Reproduce the listing in full, pictures excluded.

Available data ::
+ + + + +

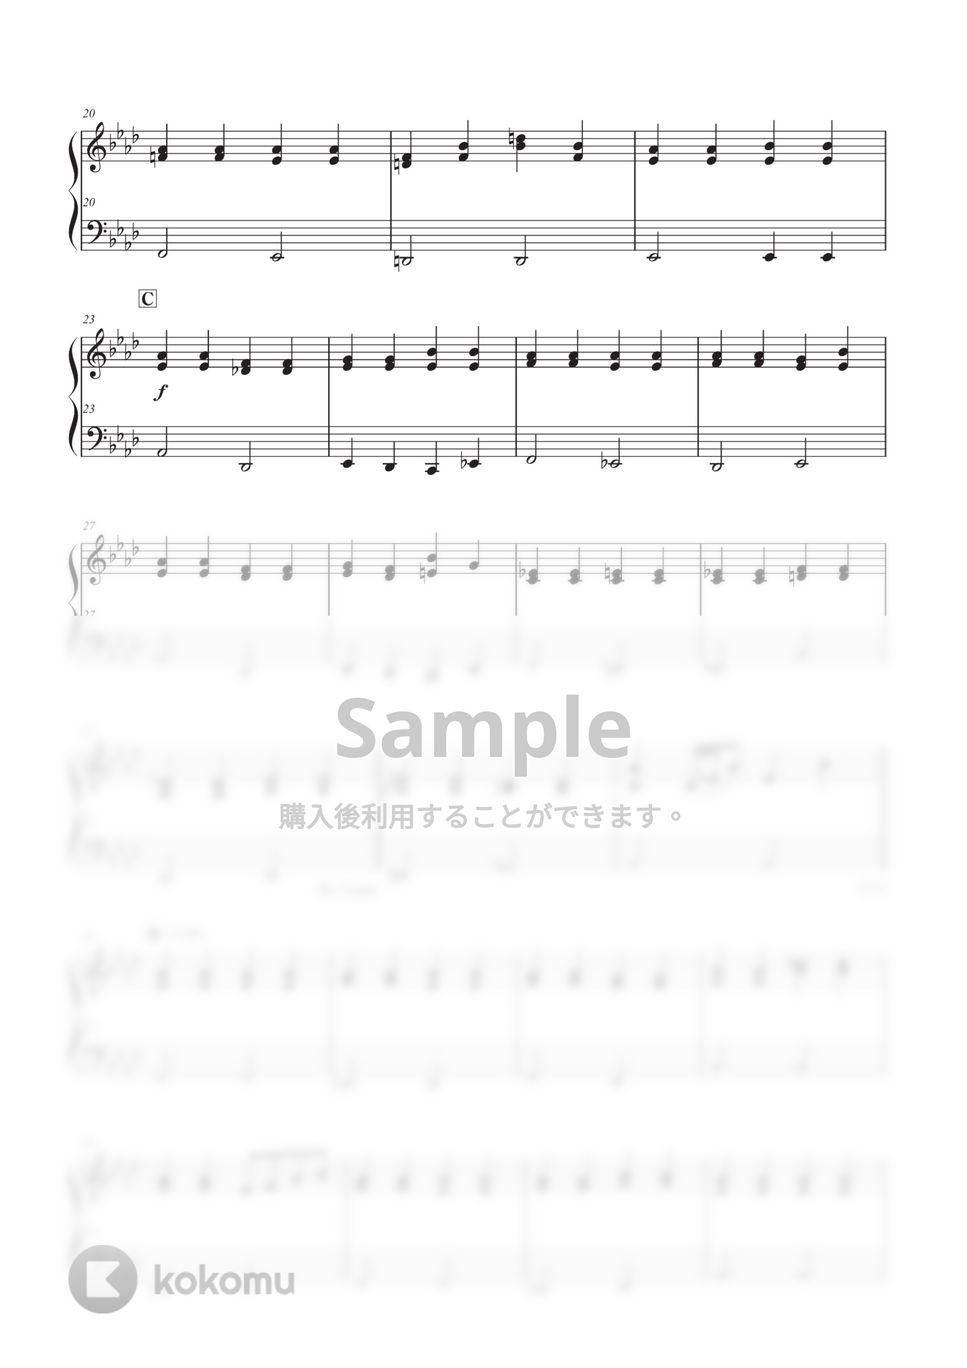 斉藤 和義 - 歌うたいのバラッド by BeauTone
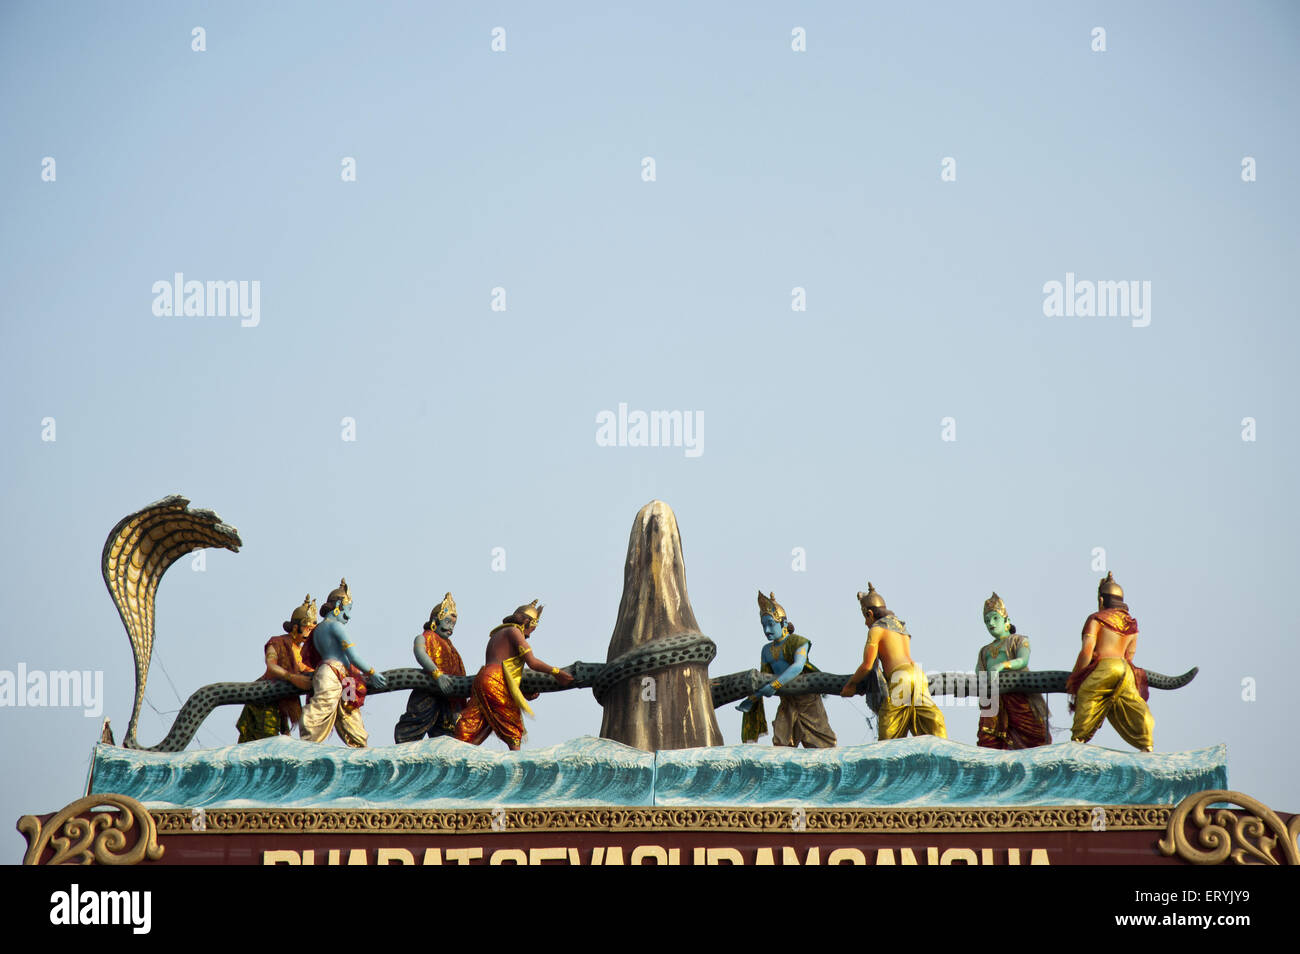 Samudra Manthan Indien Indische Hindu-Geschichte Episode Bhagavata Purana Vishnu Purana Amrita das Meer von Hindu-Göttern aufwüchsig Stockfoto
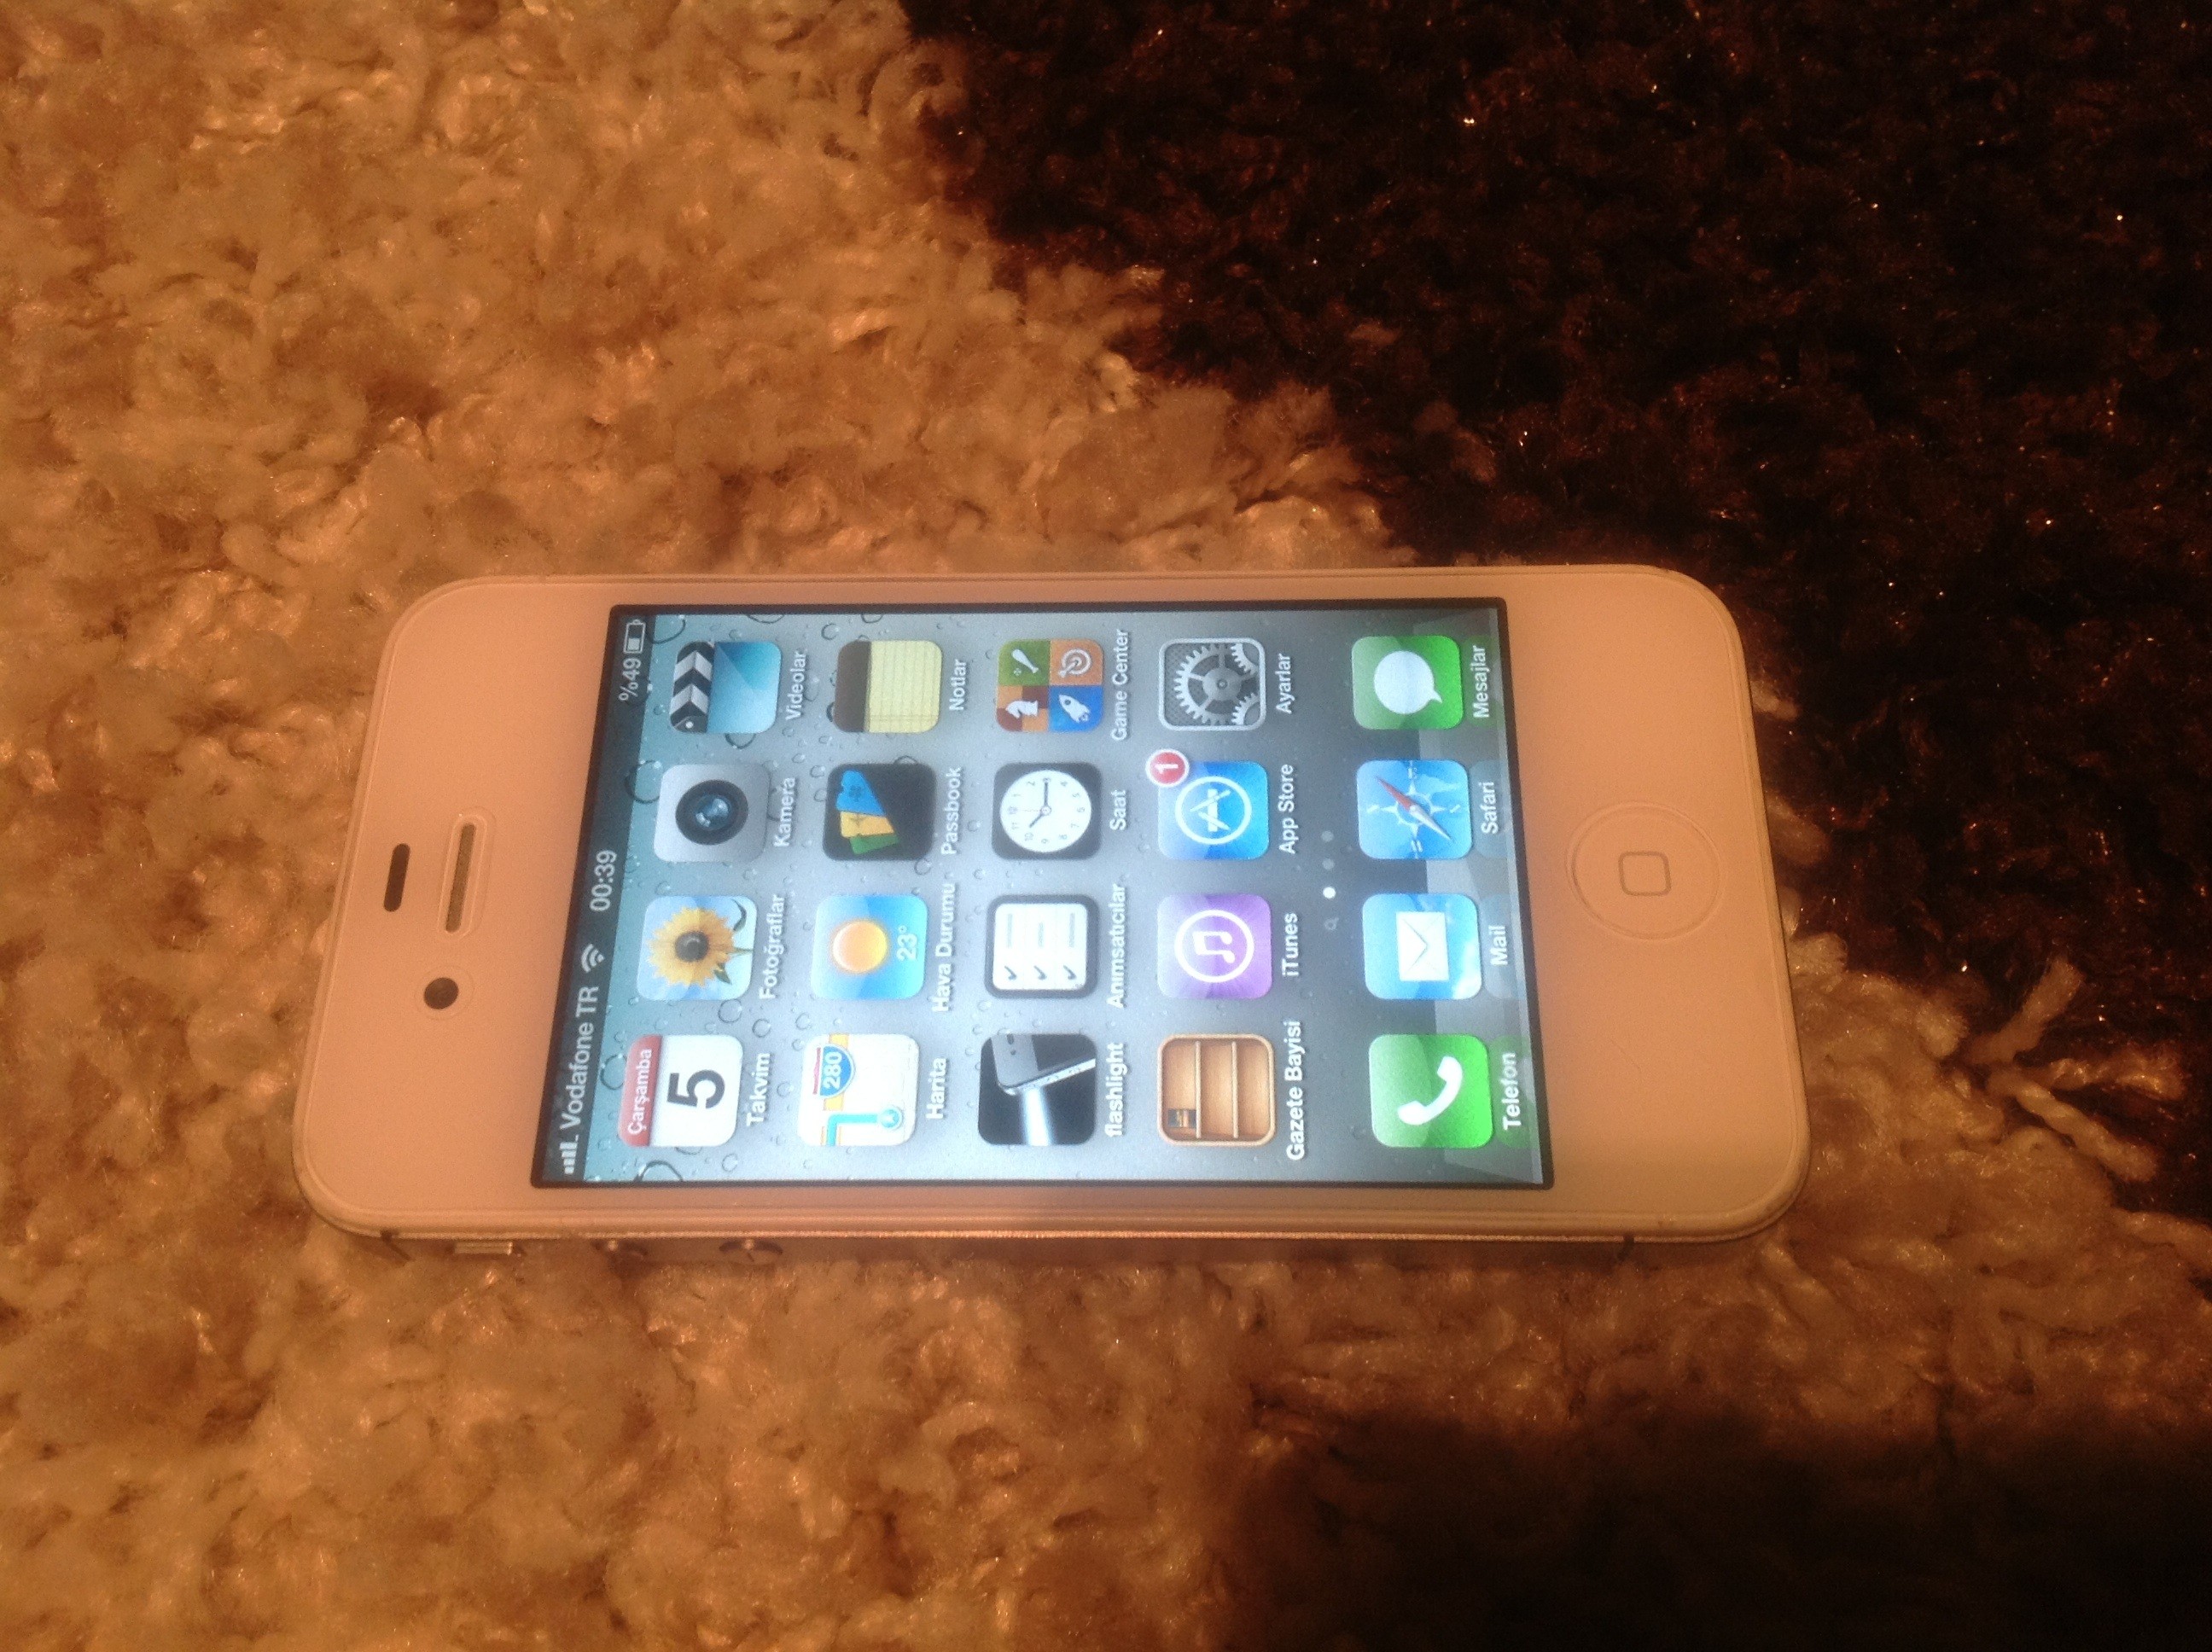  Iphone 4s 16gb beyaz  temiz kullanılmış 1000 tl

+ + + + +

Expected answer ::
 斉藤 和義 - 歌うたいのバラッド by BeauTone
 Samudra Manthan Indien Indische Hindu-Geschichte Episode Bhagavata Purana Vishnu Purana Amrita das Meer von Hindu-Göttern aufwüchsig Stockfoto
  Iphone 4s 16gb beyaz  temiz kullanılmış 1000 tl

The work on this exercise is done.